The accurate construction mainly depends on the accuracy of the selected points to solve (11). Only when \({\vec {\psi }_{1}}\), \({\vec {\psi }_{2}}\), and \({\vec {\psi }_{3}}\) come from the same RMC, this constructed \({\vec {\mu }_{c}}\) can be the parametric representation of a scattering center. However, the randomly chosen points might belong to different RMCs or be just noise points. Therefore, to assess the performance of this constructed RMC, a measure needs to be established in the iterations.
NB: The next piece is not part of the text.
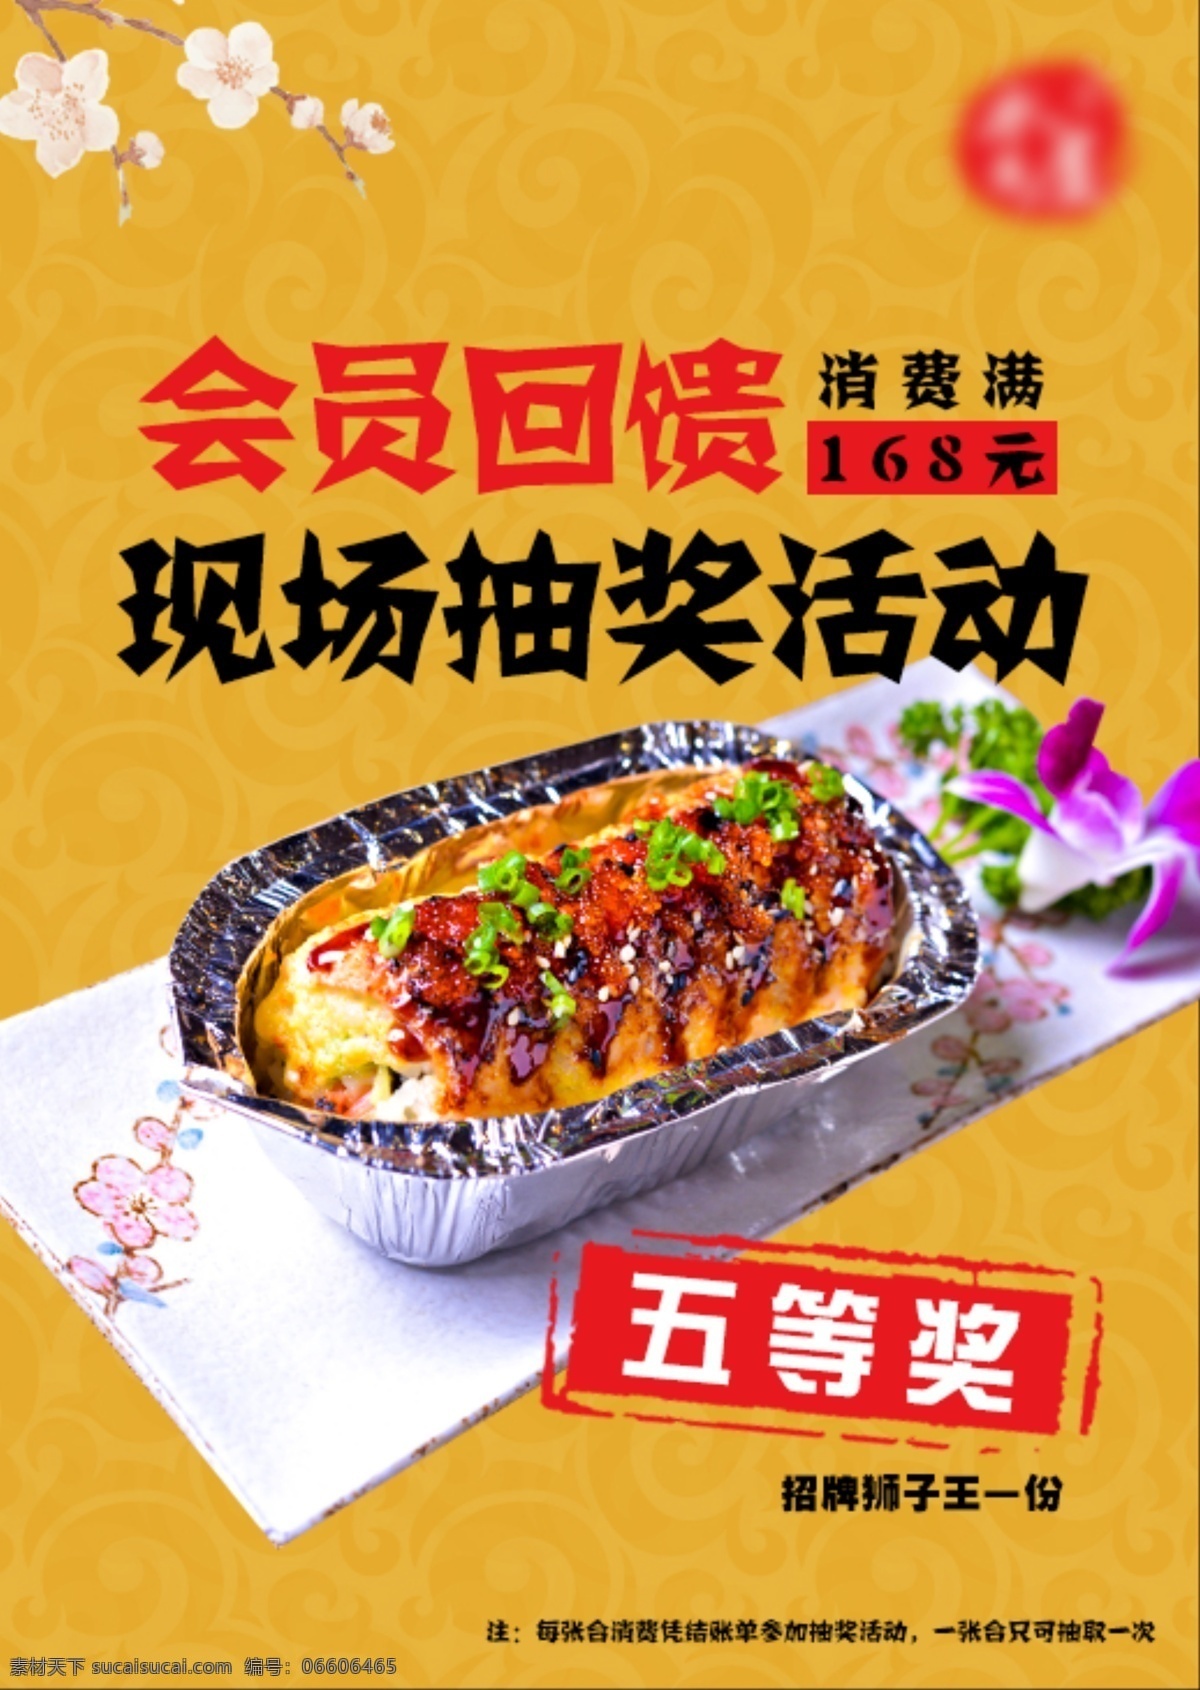 餐饮 抽奖 海报 展示 抽奖海报 餐饮海报 促销 优惠 寿司 饮食海报 黄色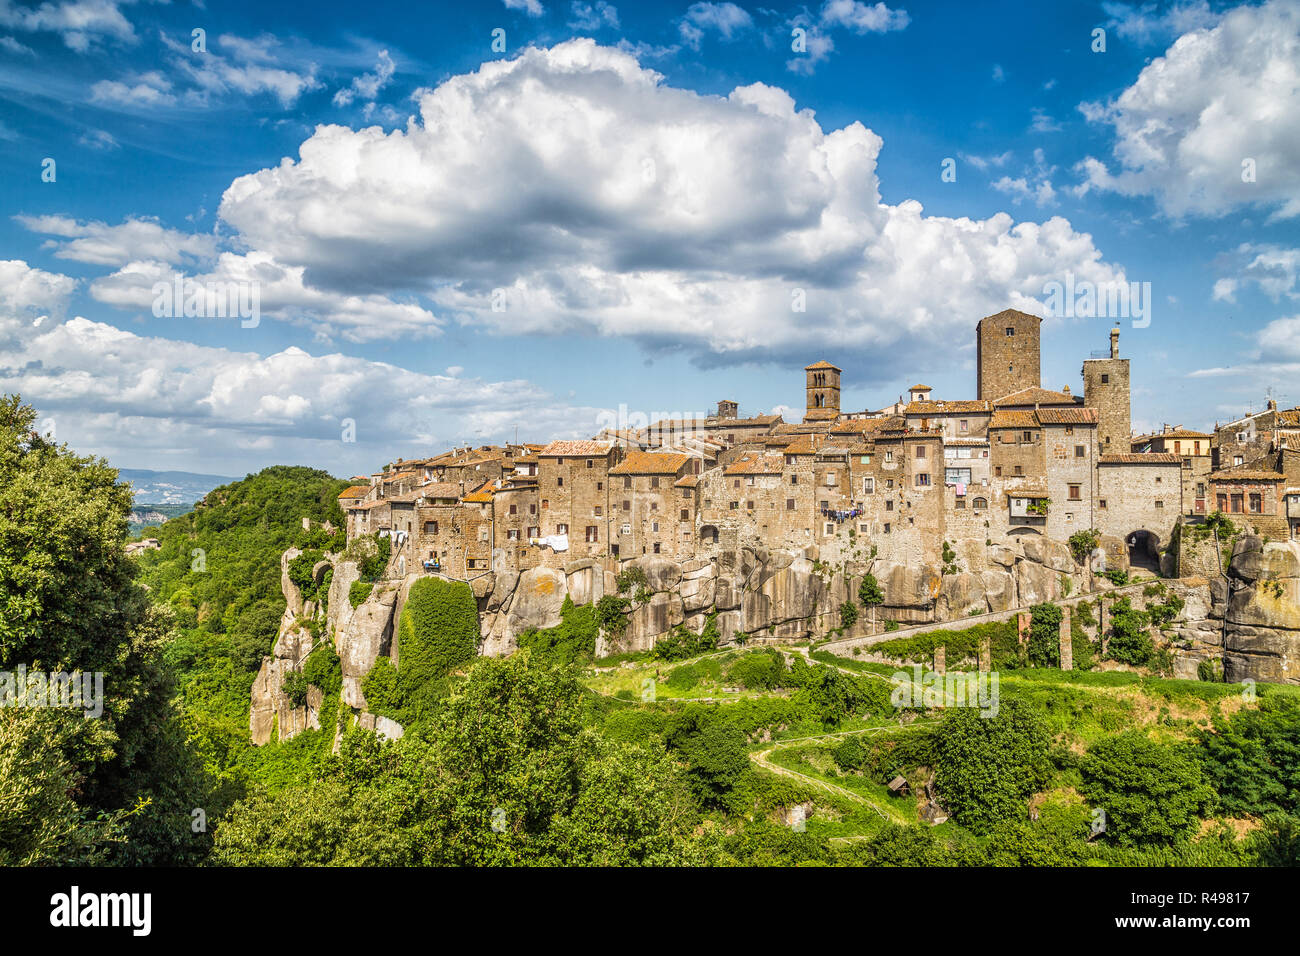 Bellissima vista della città medievale di Vitorchiano con splendide cloudscape, provincia di Viterbo, Lazio, Italia Foto Stock

3.2 Performance measure establishment based on quadratic orthogonal distance

In this subsection, a double-measure system is developed to evaluate the performance of a candidate RMC. To deal with the situation that selected points come from different RMCs or are noise points, CFC, which denotes the number of points in observed data set can be explained by the candidate RMC with \({\vec {\mu }_{c}}\), is introduced. Another measure, called FPI, is proposed to assure that a more precise RMC will be chosen when two candidate RMCs share the same CFC.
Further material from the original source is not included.